At June 30, 2012, SoCalGas had no outstanding borrowings and SDG&E had $173 million of commercial paper outstanding and $237 million variable-rate demand notes outstanding supported by the facility. Available unused credit on the line at June 30, 2012 was $248 million at SDG&E and $467 million at SoCalGas; SoCalGas' availability reflects the impact of SDG&E's use of the combined credit available on the line.

GUARANTEES

RBS Sempra Commodities

As we discuss in Note 4, in 2010 and early 2011, Sempra Energy, RBS and RBS Sempra Commodities sold substantially all of the businesses and assets within the partnership in four separate transactions.

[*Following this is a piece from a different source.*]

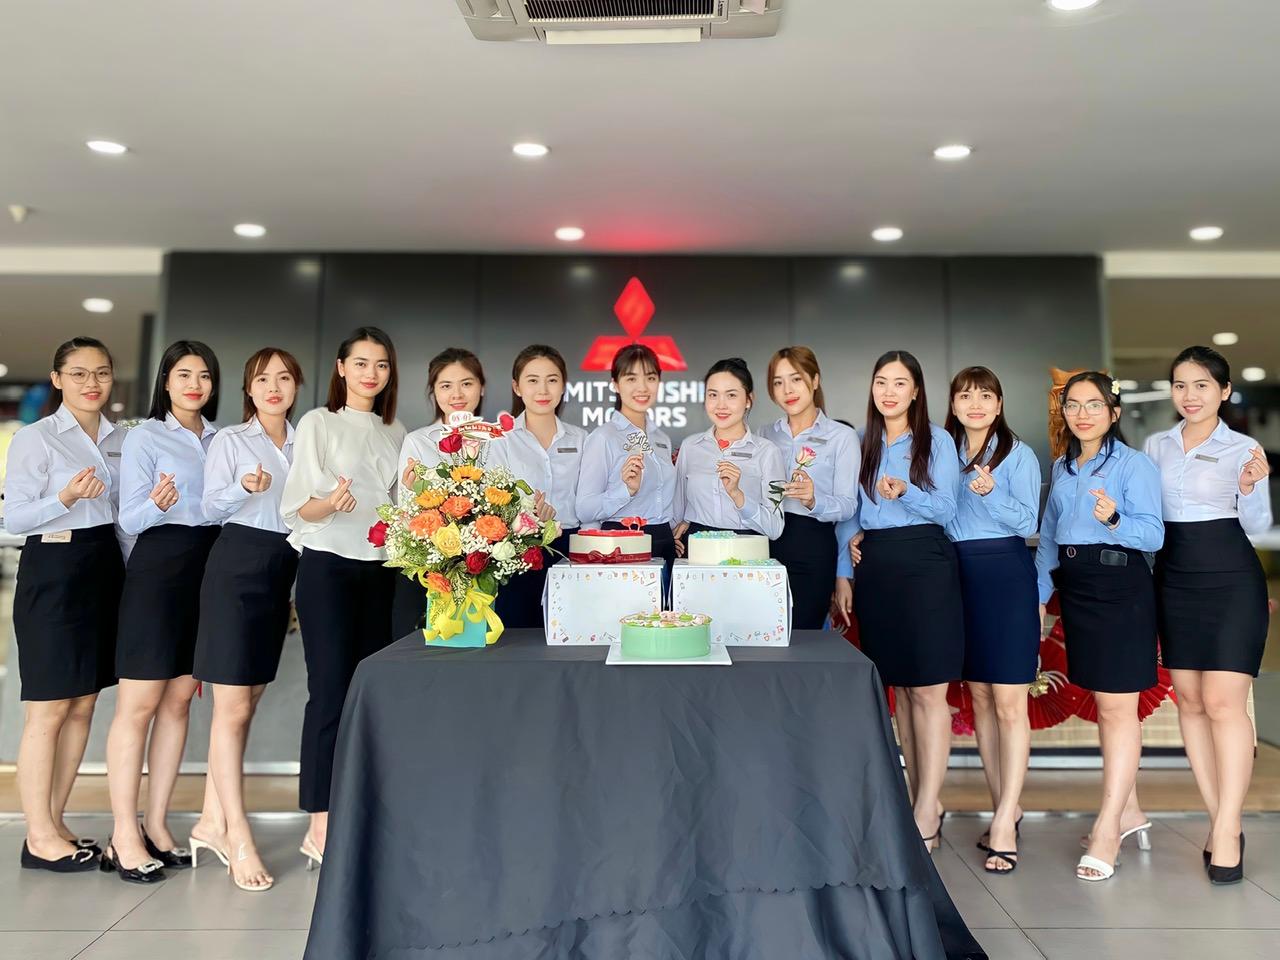 Latest Công Ty TNHH Ô Tô Bắc Quang employment/hiring with high salary & attractive benefits
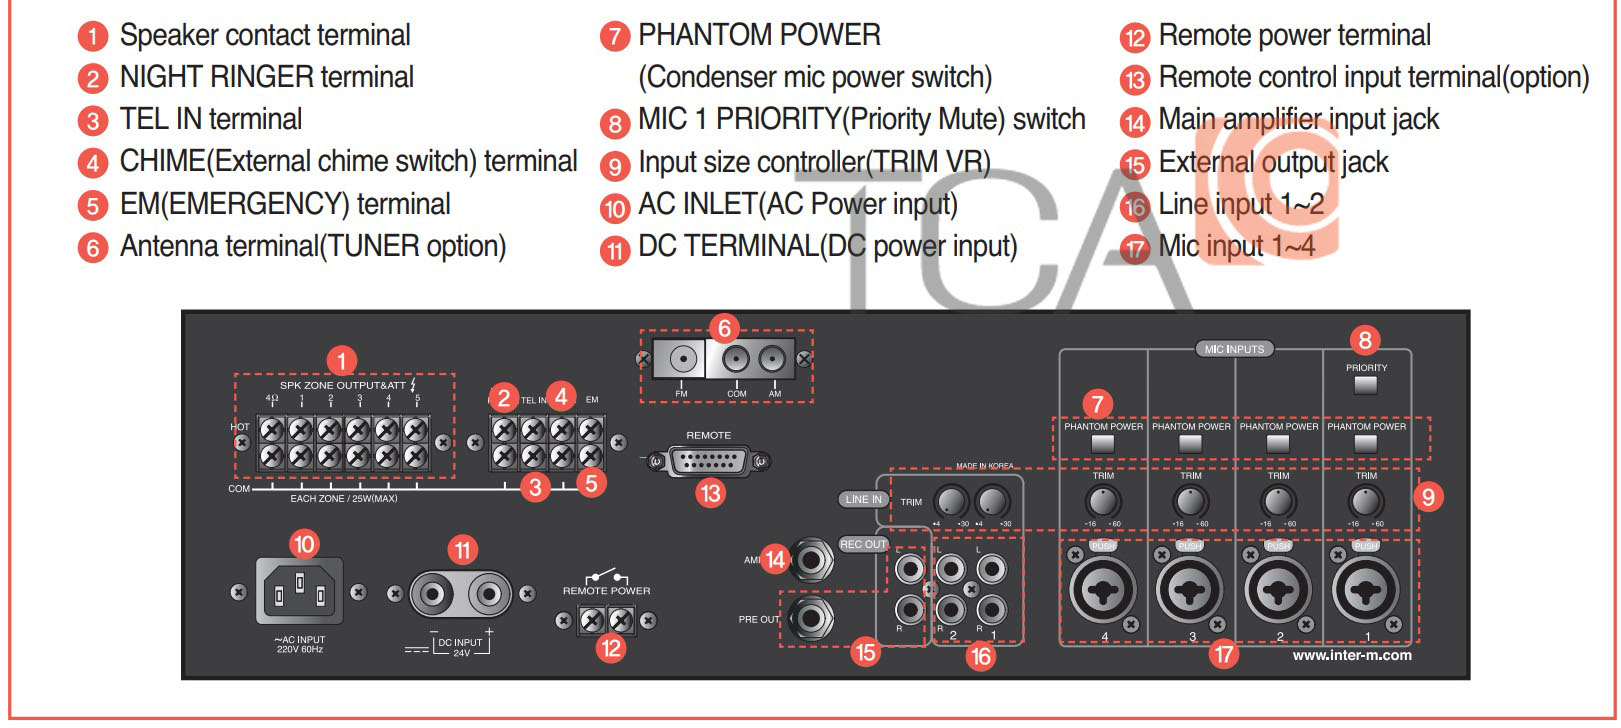 Hướng dẫn sử dụng amply mixer inter-M PAM-520

In connection with each of these transactions, the buyers were, subject to certain qualifications, obligated to replace any guarantees that we had issued in connection with the applicable businesses sold with guarantees of their own. The buyers have substantially completed this process with regard to existing, open positions. For those guarantees which have not been replaced, the buyers are obligated to indemnify us in accordance with the applicable transaction documents for any claims or losses in connection with the guarantees that we issued associated with the businesses sold.

At June 30, 2012, RBS Sempra Commodities no longer requires significant working capital support. However, we have provided back-up guarantees for a portion of RBS Sempra Commodities' remaining trading obligations. A few of these back-up guarantees may continue for a prolonged period of time. RBS has fully indemnified us for any claims or losses in connection with these arrangements, with the exception of those obligations for which JP Morgan has agreed to indemnify us. We discuss the indemnification release in Note 4. We discuss additional matters related to our investment in RBS Sempra Commodities in Note 10.

WEIGHTED AVERAGE INTEREST RATES

The weighted average interest rates on the total short-term debt outstanding at Sempra Energy were 0.58 percent and 0.93 percent at June 30, 2012 and December 31, 2011, respectively. The weighted average interest rate on the total short-term debt outstanding at SDG&E was 0.21 percent at June 30, 2012. The weighted average interest rates at Sempra Energy at December 31, 2011 include interest rates for commercial paper borrowings classified as long-term, as we discuss above.

LONG-TERM DEBT

In March 2012, Sempra Energy publicly offered and sold $600 million of 2.3-percent notes maturing in 2017.

In March 2012, SDG&E publicly offered and sold $250 million of 4.3-percent first mortgage bonds maturing in 2042.

In June 2012, Sempra Renewables obtained a $117 million loan, the proceeds of which were applied to construction costs of the Copper Mountain Solar 1 project. The loan fully matures in December 2028. To partially moderate its exposure to interest rate changes, Sempra Renewables has also entered into floating-to-fixed interest rate swaps (2.043 percent) maturing December 2028 and covering $88 million of the loan outstanding. The remaining balance bears interest at rates varying with market rates (3.23% at June 30, 2012).

INTEREST RATE SWAPS

We discuss our fair value interest rate swaps and interest rate swaps to hedge cash flows in Note 7.